In simple linear regression, one independent variable is explored to predict an outcome. The different types of regression based on the outcome variable are provided in Table 30.19. A scatter plot is made as in correlation and the data points are joined by a line of best fit. The differences between observed data points and the predicted line are called residuals. The sum of squares of residuals should be minimum to get the best fit line by the least squares method. To perform linear regression, the following assumptions are checked. For each value of X, the Y values should follow a normal distribution, the mean of Y values lie on the predicted regression line (linearity assumption) and the other important assumption is that variances of Y are similar for each value of X (homoscedasticity). The simple linear regression model is given by Y = β0 + β1 X + €, which is quite similar to the straight-line equation studied in elementary geometry (y = a + bx). β1 (regression coefficient) is the slope of the line that estimates the extent of change in Y when X changes by 1 unit. β0 is the Y-intercept when X is 0. € is the error term included in statistical model to account for random variations.

Table 30.19 Types of regression based on the outcome variable

8.2.2 Example of Simple Linear Regression

A researcher wants to investigate the association of body weight and serum creatinine and collected both variables in ten individuals. He also wants to know whether body weight can predict the serum creatinine level. Table 30.20 provides a dataset for both variables.

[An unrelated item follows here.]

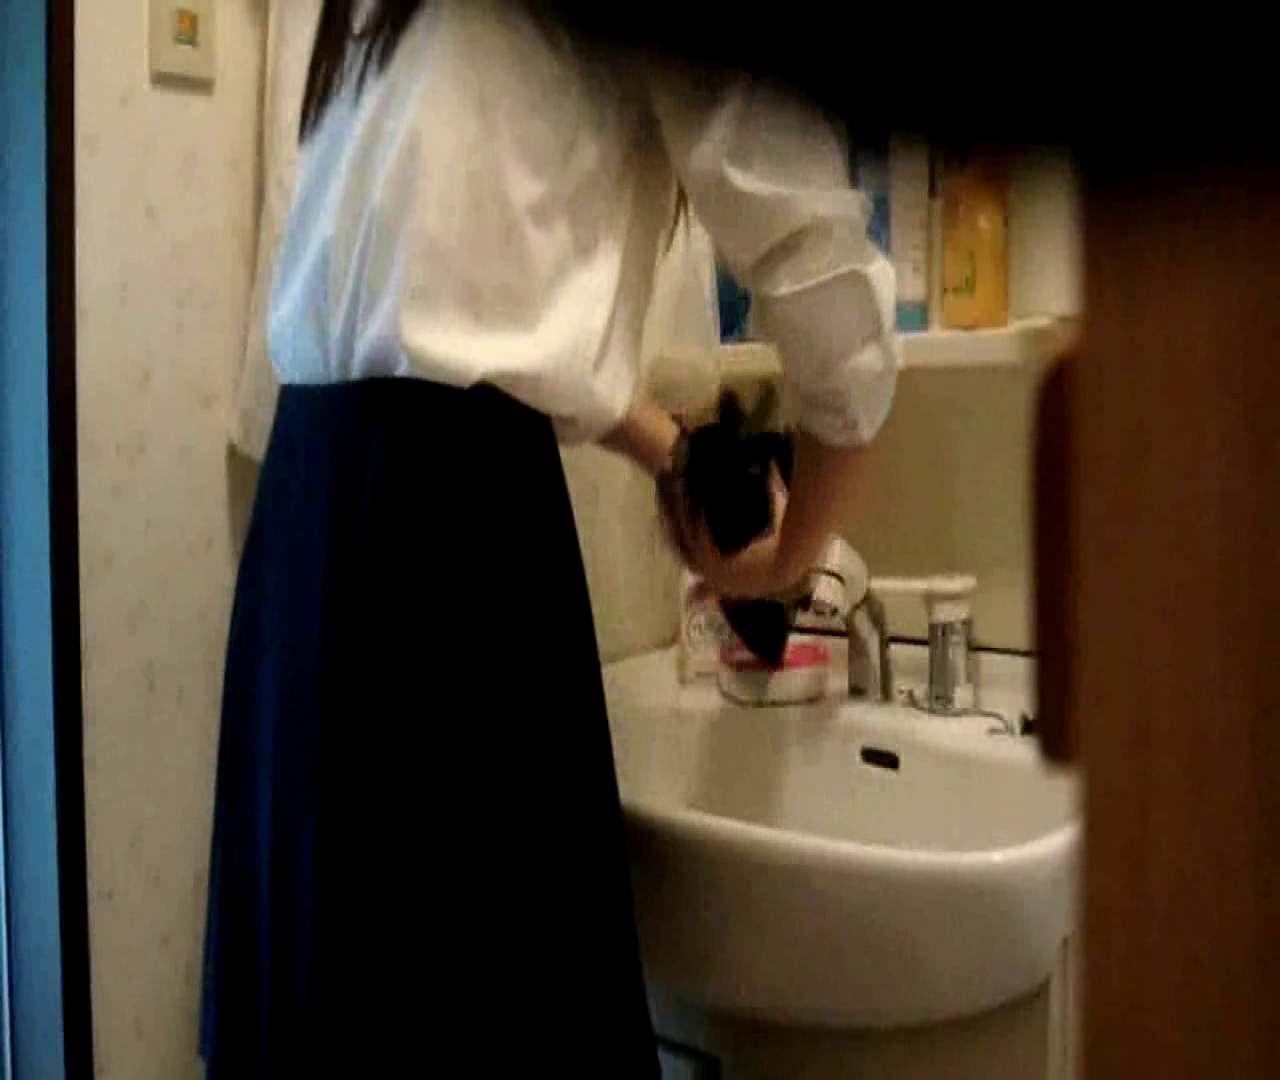 二人とも育てた甲斐がありました… vol.05 まどかが洗顔後にブラを洗濯 盗撮シリーズ | おまんこ見放題  79PIX 73

Table 30.20 Dataset showing body weight and serum creatinine levels

8.2.3 Interpretation of Results

From the results Table 30.21, the regression equation can be written as serum creatinine = −0.402 + 0.019 body weight in Kg, where −0.402 is the value of y-intercept (β0) and 0.019 is the slope of the regression line (β1). For a one kg increase in body weight, serum creatinine increases by 0.019 (CI:0.016,0.02). From the regression equation, we can easily predict the value of serum creatinine value of an individual weighing 80 kg to be 1.118. This model should not be used for prediction of those who weigh less than 70 or more than 100, since the regression model is constructed from individuals weighing 70 to 100 kg.

Table 30.21 Results of simple linear regression analysis

R2 can be interpreted as follows: according to the model, body weight in kilogram accounts for a 98.16% variation in serum creatinine in mg/dL. We should keep in mind that such near perfect explanation of a physiological variable by another variable is very rare and the variation is often explained by the combination of variables. In that case, R2 implies the explanatory power of all the variables in the model acting together.

9 Concluding Remarks

Statistical methods are used for drawing inferences about the population from the observations made in the sample. The statistical test for analysis of data is selected based on the type of variable, distribution of data, number of groups/datasets and study design. Most statistical tests come with a set of assumptions that the data must fulfill. These assumptions have to be checked before interpreting the results. These statistical tests calculate the probability of the results occurring by chance alone. The parametric tests are more powerful than the nonparametric tests and should be preferred. P value indicates the probability of the results occurring by chance alone. A significant P value does not mean clinical significance. In addition to the statistical significance, the point estimate of the effect and its precision (95% confidence interval) should be reported.